Fleur de malheur (2/3)
Dès le lendemain, les fées se mirent au travail. Elles allèrent requérir l'aide de leurs amies les abeilles car, en réalité, ce serait elles qui devraient faire une grande part du boulot. Il fallait transporter du pollen de la fleur triangulaire vers d'autres fleurs, tester et retenter, jusqu'à trouver la combinaison qui fonctionnerait pour donner lieu à d'autres fleurs triangulaires. Rina gardait le secret espoir que, lors de certains de ces tests, ne naissent des fleurs triangulaires entièrement jaunes, mais il n'en fut rien. En revanche, les tests finirent par porter leurs fruits et, un beau jour, une nouvelle fleur triangulaire tricolore vit le jour.

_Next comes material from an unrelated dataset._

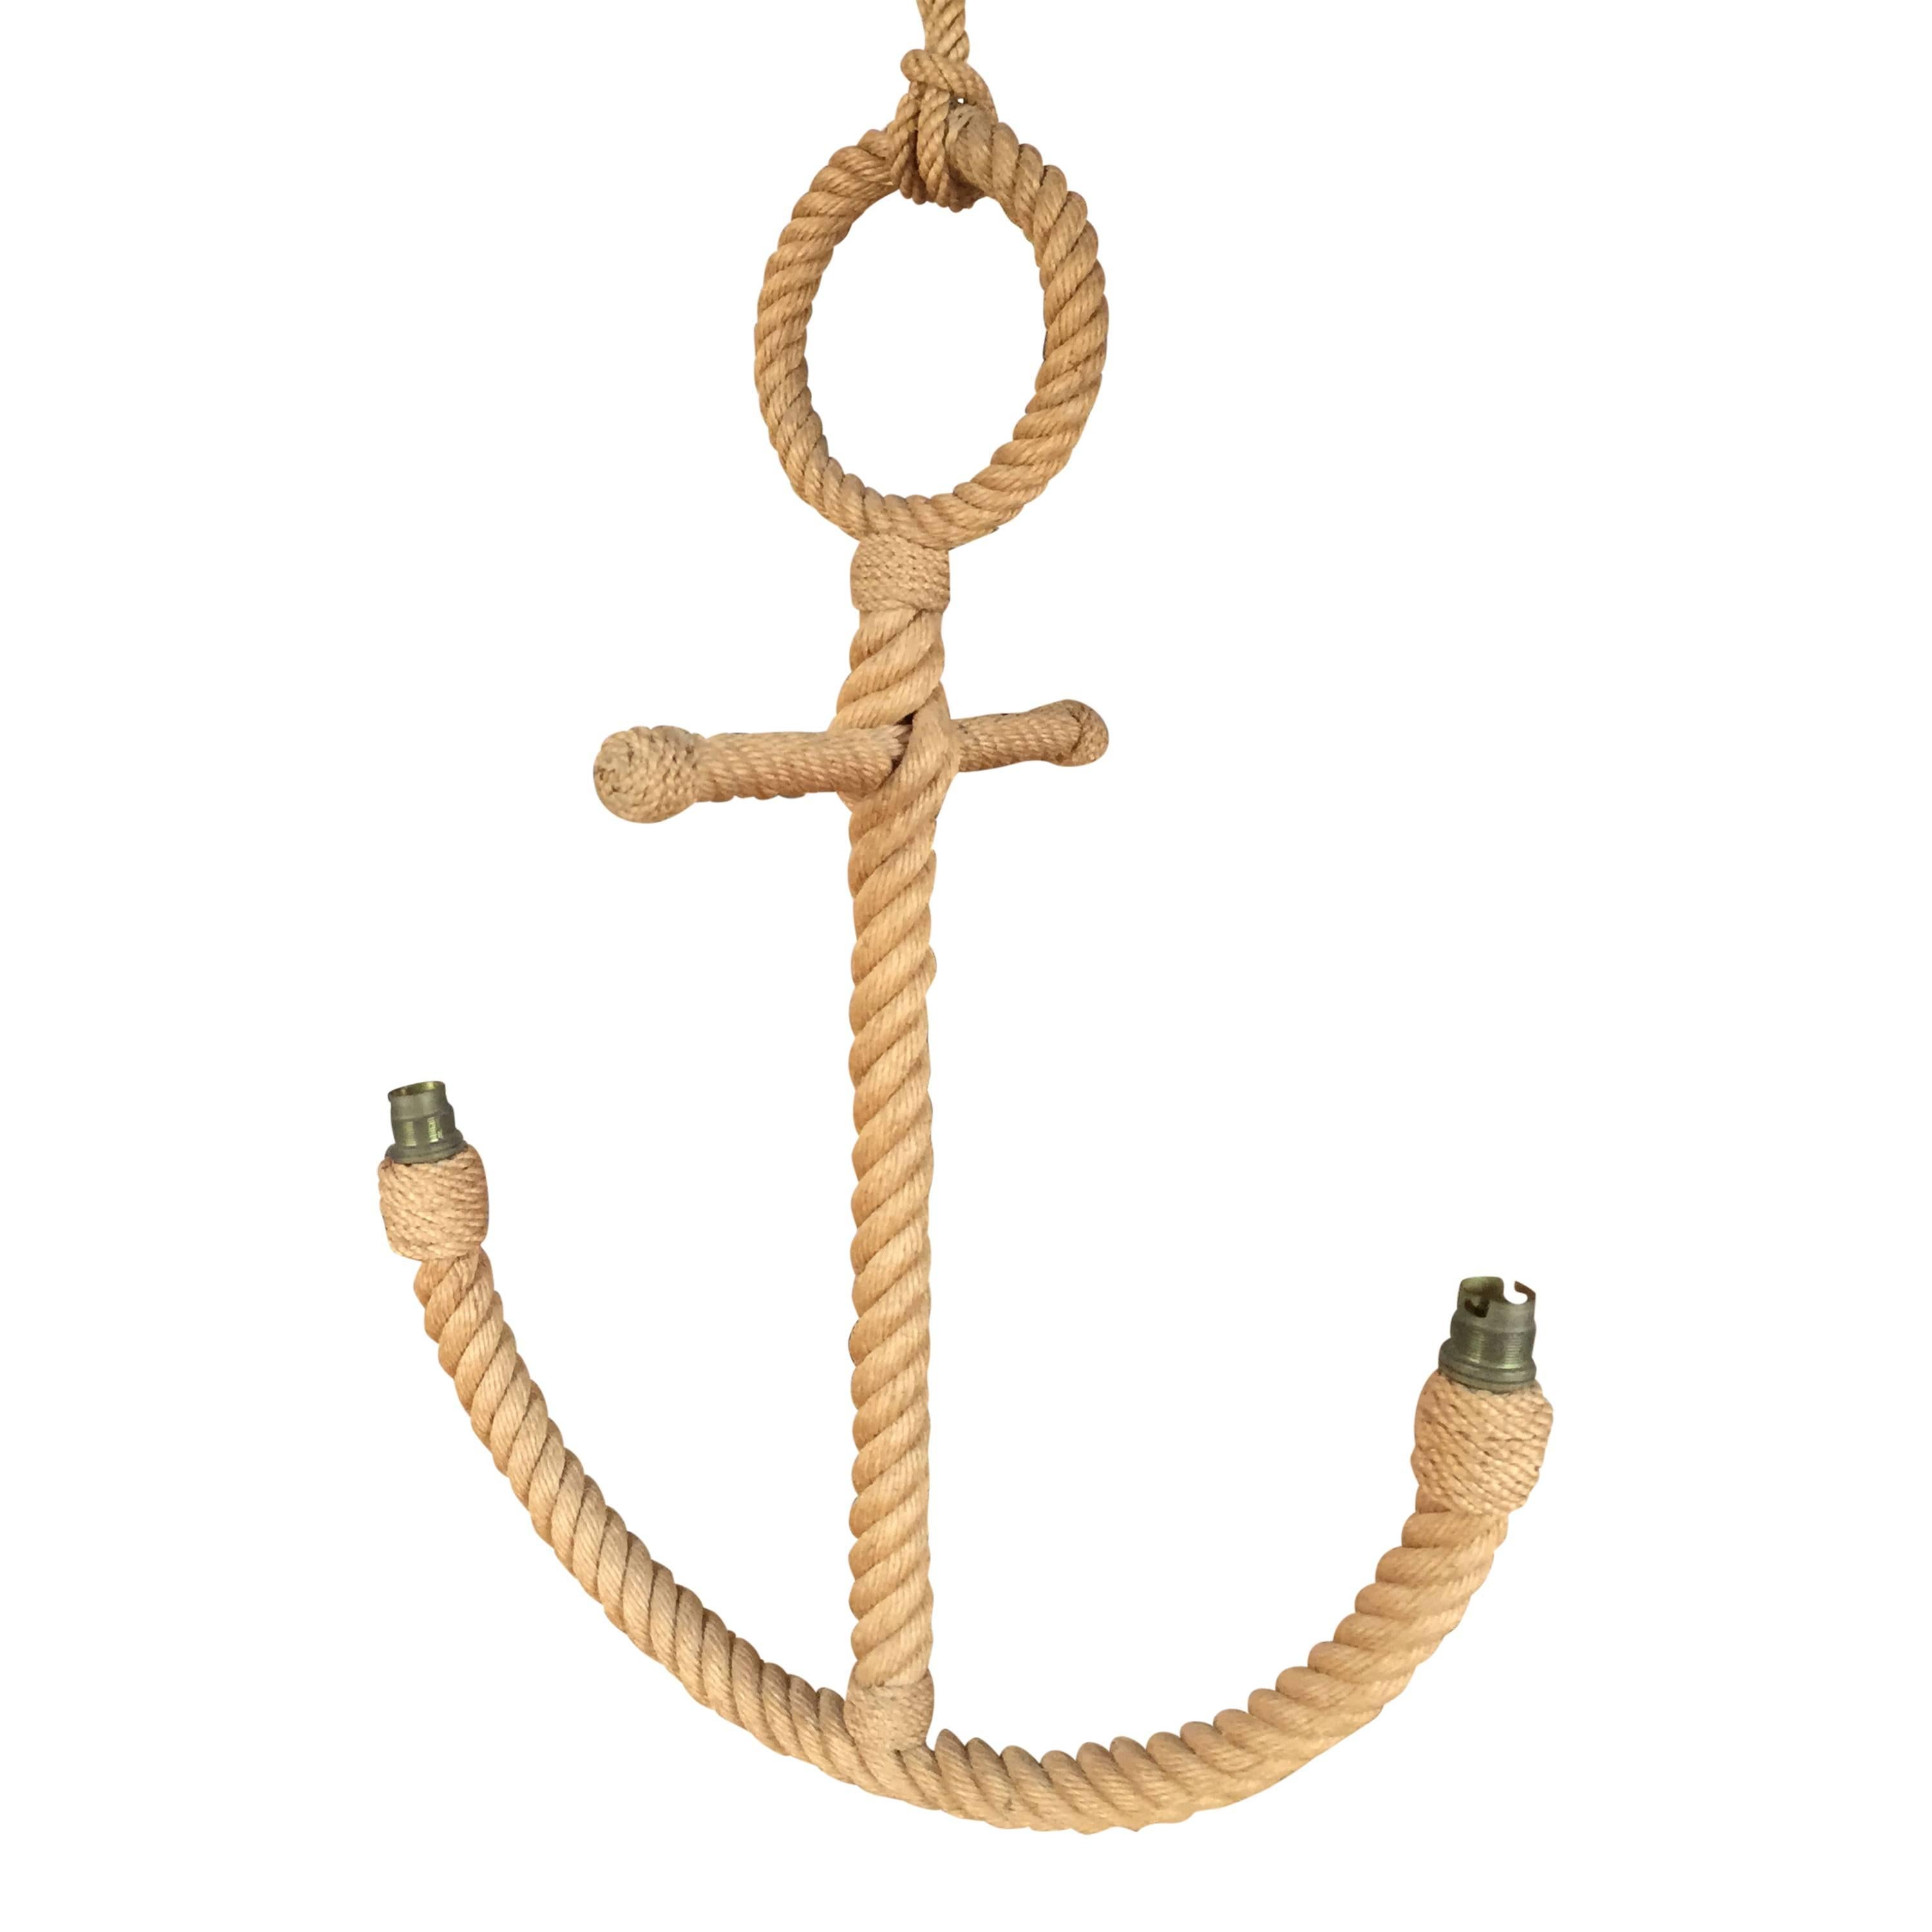 Large rope pendant by Audoux Minet.

European socket and wiring.

A partir de là, la multiplication accéléra. Les abeilles transportèrent du pollen, les fées apportèrent de l'eau depuis la rivière, et, très vite, chacune des fées pu avoir une fleur triangulaire, puis deux fleurs, puis trois fleurs, puis encore plus. Les fées vivaient par familles dans des tronc d'arbre et, dans chaque tronc, on pouvait trouver au moins une fleur triangulaire sur la table à manger, une sur chaque table de nuit, et deux autres autour de la porte d'entrée. Il y avait aussi la mode de porter des fleurs triangulaires dans ses cheveux ou sur ses vêtements, mais cela était en général fait seulement pour les grandes occasions, afin de ne pas gaspiller les précieuses fleurs.
Les fleurs triangulaires, comme les autres fleurs, une fois décrochées de la prairie, avaient du mal à rester en vie, et encore plus quand elles n'étaient pas conservées dans de l'eau. La culture des fleurs triangulaires devint ce que les hommes appellent parfois une usine à gaz. Les fées ne sachant pas ce qu'est le gaz ou ce qu'est une usine, elles se contentèrent de constater que c'était beaucoup de travail. Chaque semaine, chaque fée souhaitait avoir une dizaine de nouvelles fleurs triangulaires pour remplacer celles fanées la semaine passée dans son foyer. Certaines en avaient assez de transporter, à longueur de journée, des seaux d'eau juste pour que leurs collègues les plus coquettes puissent s'offrir le luxe de porter tous les jours une fleur triangulaire dans ses cheveux. Mais, dans l'ensemble, toutes semblaient trouver que cela valait le coût, car aucune d'entre elle n'imaginait plus se passer des fleurs triangulaires.
Les fées portaient des seaux d'eau, cueillaient des fleurs, décoraient leurs foyers, et ne prenaient même plus le temps d'admirer ces fleurs triangulaires pour lesquelles elle faisait tout ça. Il y eut un jour une exception à la tricolarité des fleurs triangulaires. Un jour, une fleur poussa avec deux pétales jaunes et un pétale rouge. Rina la ramassa de manière automatique, l'ajouta au bouquet de dix fleurs qu'elle avait déjà dans les mains, et ne remarqua même pas que cette fleur n'était pas comme les autres. Les fées commencèrent à être fatiguées, et elles décidèrent de réduire la fréquence des conseils des fées qui, au lieu de se tenir tous les soirs désormais, fut réservé aux soirs de pleine lune.